John Mason

Personal information
- Full name: John Mason
- Born: 6 March 1984 (age 42)
- Batting: Right-handed
- Bowling: Right-arm slow

Domestic team information
- 2001–2002: Cumberland

Career statistics
| Competition | List A |
| Matches | 2 |
| Runs scored | 16 |
| Batting average | 16.00 |
| 100s/50s | 0/0 |
| Top score | 14 |
| Balls bowled | 24 |
| Wickets | 1 |
| Bowling average | 39.00 |
| 5 wickets in innings | 0 |
| 10 wickets in match | 0 |
| Best bowling | 1/39 |
| Catches/stumpings | 0/– |
- Source: Cricinfo, 27 March 2011

= John Mason (cricketer) =

English cricketer

John Mason (born 6 March 1974) is an English former cricketer. Mason was a right-handed batsman who bowled right-arm slow.

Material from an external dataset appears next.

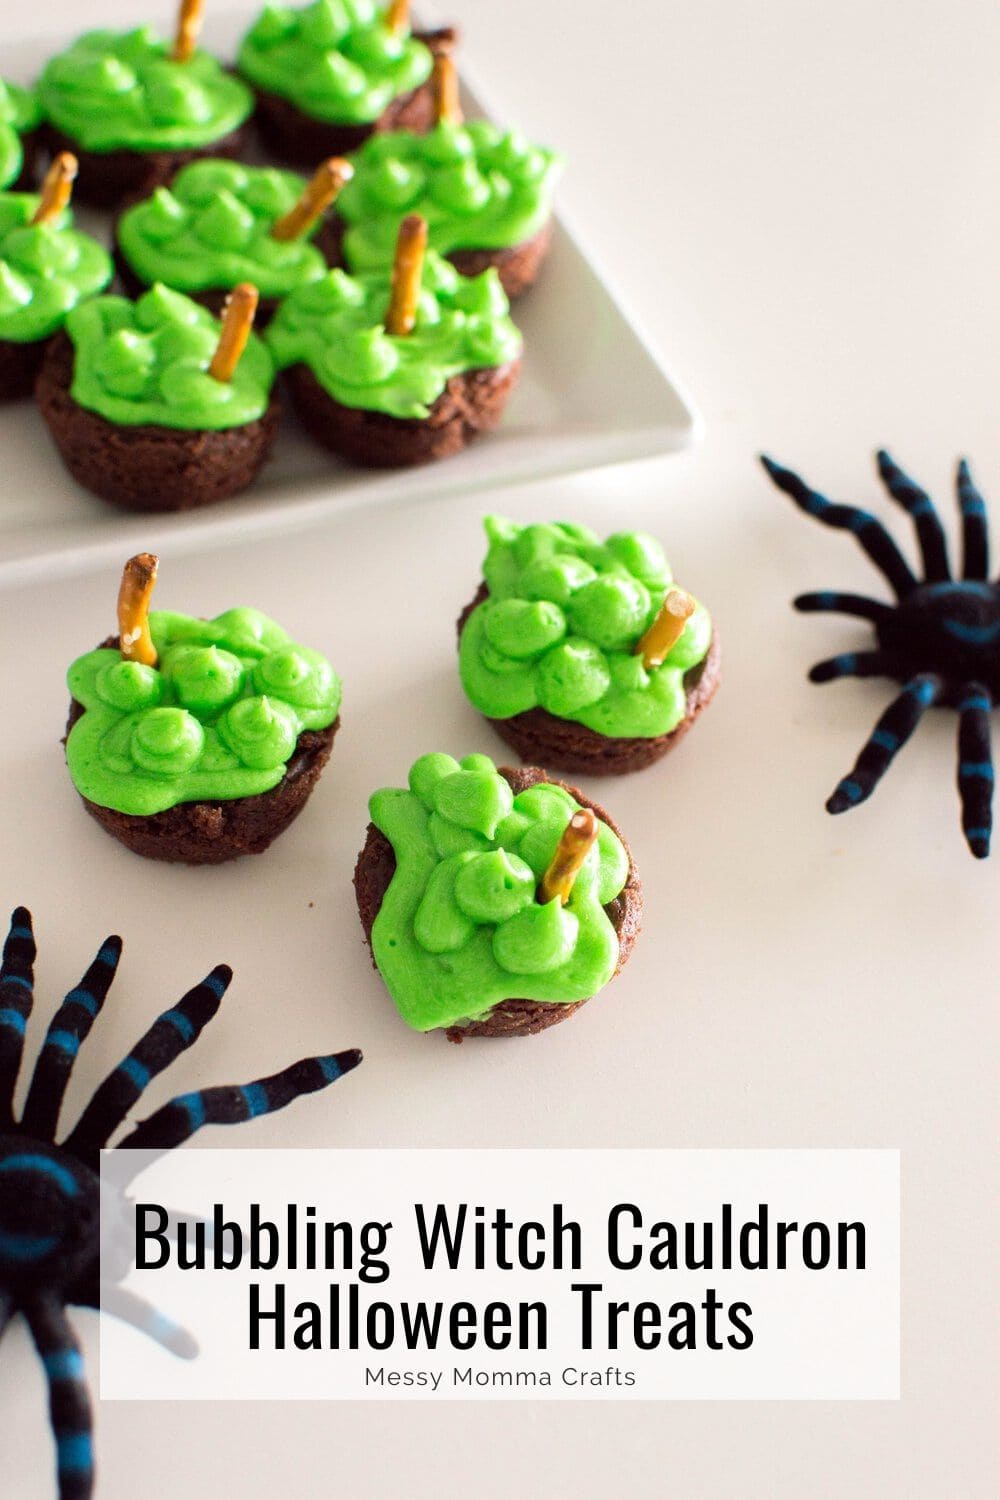 Bubbling witch cauldron Halloween treats with green frosting and a pretzel stir stick.

Mason made his debut for Cumberland County Cricket Club in the 2001 Minor Counties Championship against Lincolnshire, scoring 56. He played three further Minor Counties Championship matches for Cumberland in 2002. In his time with Cumberland, Mason played two List A matches against the Warwickshire Cricket Board the 1st round of the 2002 Cheltenham & Gloucester Trophy which was held in 2001, and against the Nottinghamshire Cricket Board in the 1st round of the 2003 Cheltenham & Gloucester Trophy which was held in 2002. In his two List A matches, he scored 16 runs at a batting average of 16.00, with a high score of 14. With the ball, his only List A wicket was Warwickshire Cricket Board captain Naheem Sajjad.